Autore: Beatrisa Pucalev, Asset Management, Risk Senior Associate

Trading penny stocks is an attractive deal but also an extremely risky strategy.

Penny stocks trade for less than £1 on UK stock exchanges or less than $5 on US stock exchanges. The low share price means the stock is likely to be a highly speculative investment.

Investors are easily attracted to penny stocks given the opportunity to make huge percentage gains in a short period of time. As a matter of fact, penny stocks can be extremely volatile from day to day, enabling investors to literally double their money overnight.

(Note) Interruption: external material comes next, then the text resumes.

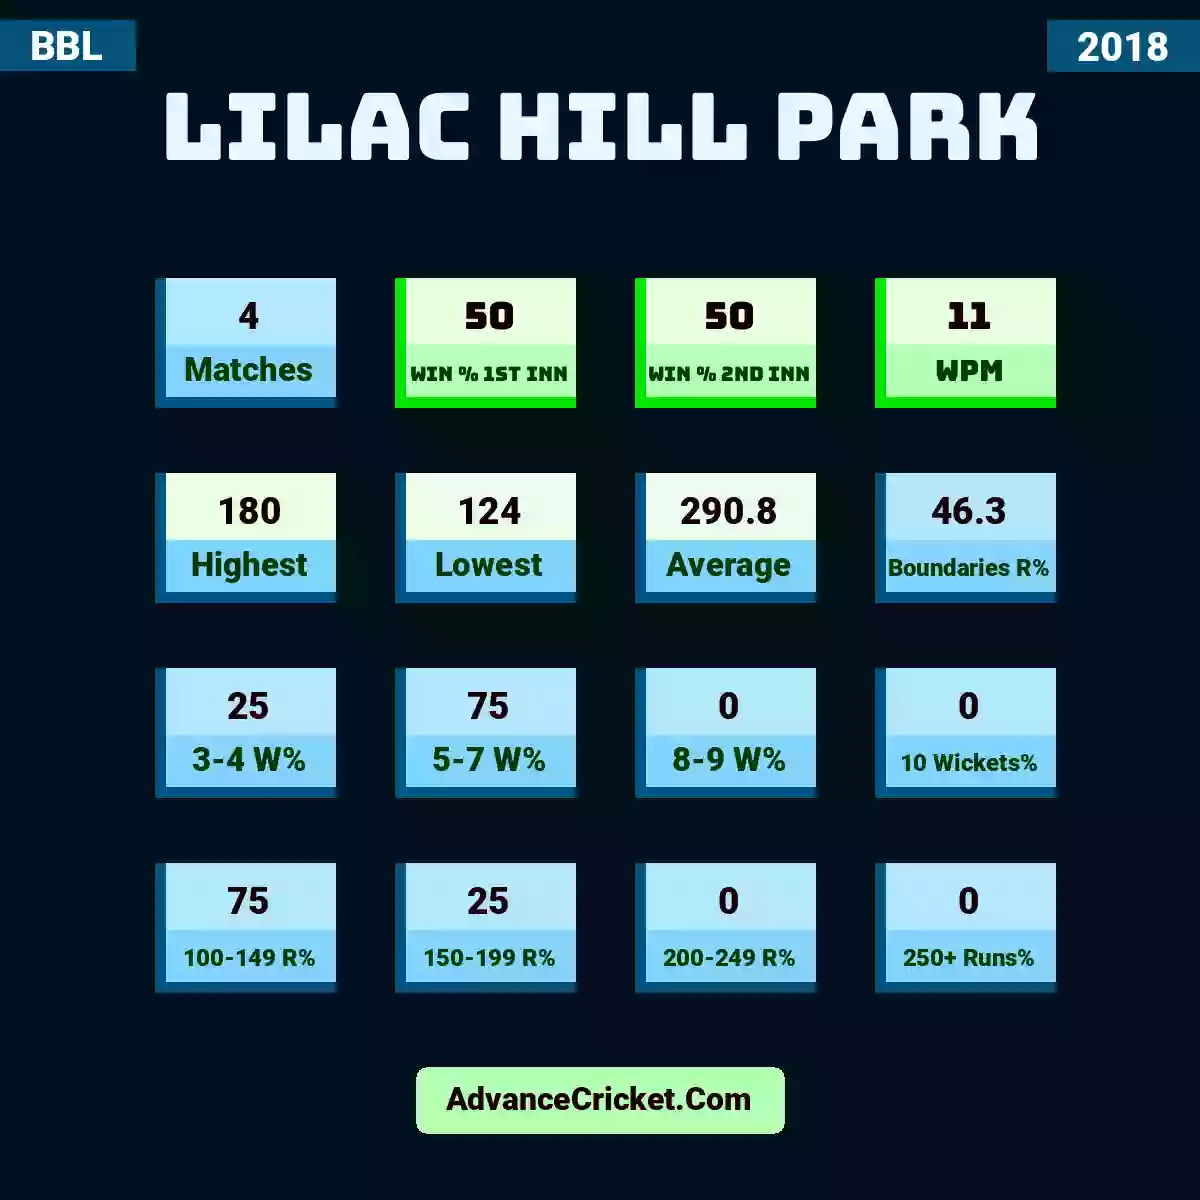 Image showing Lilac Hill Park with Matches: 4, Win % 1st Inn: 50, Win % 2nd Inn: 50, WPM: 11, Highest: 180, Lowest: 124, Average: 290.8, Boundaries R%: 46.3, 3-4 W%: 25, 5-7 W%: 75, 8-9 W%: 0, 10 Wickets%: 0, 100-149 R%: 75, 150-199 R%: 25, 200-249 R%: 0, 250+ Runs%: 0.

The low share price and ability to reap massive gains in a short time is appealing on the surface but don’t be fooled! There are many dangers out there: firstly, these stocks are traded OTC thus there is often a lack of legitimate financial information; secondly penny stocks are illiquid, so it is hard to find a counterparty. However, the greatest danger of investing in penny stocks is the frequent occurrence of illegal “Pump and Dump” schemes.

A Pump and Dump occurs when an investor heavily promote a stock they are holding like “the next big thing,” along with hyped details of an upcoming news announcement that will “send the stock through the roof.” Think about The Wolf Of Wall Street movie and you got the right idea. Then after the stock price has risen the very same investor sells immediately and behind the hype walks away with a big gain. However, the unsuspecting investor who bought the promoted stock is now left holding a losing stock that has fallen in price due to this illegal act.

Cheap stocks are cheap for a reason!